- Posts: 9
- Joined: Wed Mar 09, 2016 1:42 pm
- Location: Kentucky
Well, to have a nice roll-off into blown highlights, you still need to keep the highlights below clipping, or, at least the areas of the image where you want the smooth roll-off to occur needs to be below clipping. Once it's clipped then it's clipped. Doing a "highlight recovery" is simply bringing over-exposed, yet, not yet clipped highlights back down to where they no longer look blown-out. You still shoot it the same way if you want it to be blown out, you just don't bring the highlights back down in post. You allow them to be blown out.
Blown out doesn't need to mean "clipped." In fact, I would want to make it a point on a controlled set to never let anything be clipped, in the highlights or the shadows. Because, you never know.

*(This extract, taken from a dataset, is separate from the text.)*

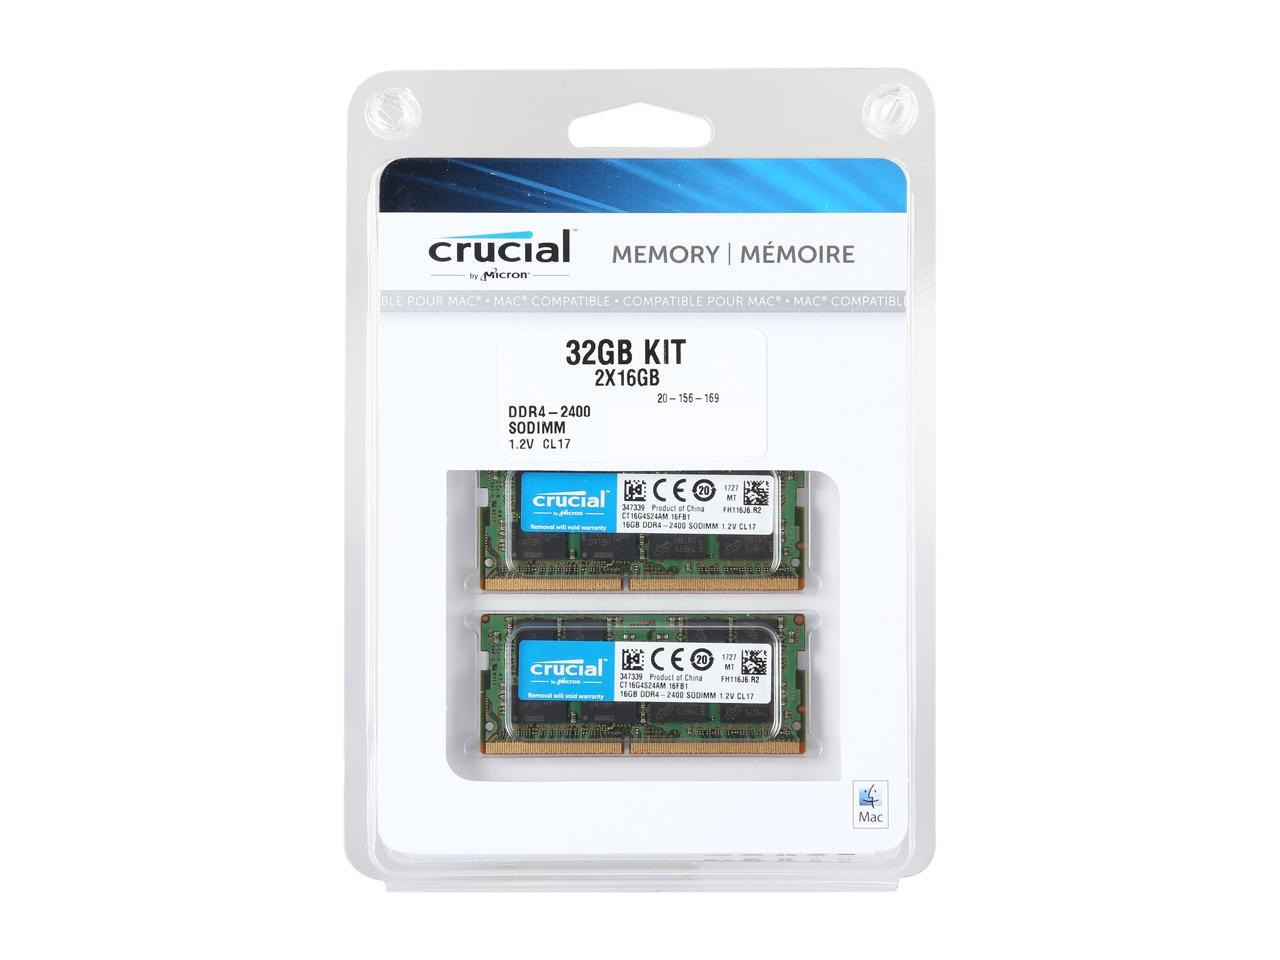 Crucial 32GB Kit (16GBx2) DDR4 2400 MT/s (PC4-19200) DR x8 SODIMM 260-Pin for Mac - CT2K16G4S24AM - image 2 of 2

I'd much prefer to have the information there and then choose to crush the blacks or the whites if I wanted. But, to have an image that simply doesn't have the information because the extremes are clipped? That can be avoided on a controlled set.
Expose for the highlights (and you can control them, so that means stopping them up or down any way you want to make them appear blown out, light up the shadow areas by increasing the exposure of the shadow areas and stopping them up or down depending on how dark they should appear, then light for the midtones/skintones/talent/subject/etc for mood/taste/etc...all the while not allowing any of these areas to be so under/over-exposed that you clip and lose detail.
Reality work is different. There you can't control the situation so you simply expose for the most important subject. That means windows get overexposed and clipped and shadows get very noisy but at least the subject is deliberately exposed for. On a controlled set, you can [obviously] control all that. The rest is artistic expression.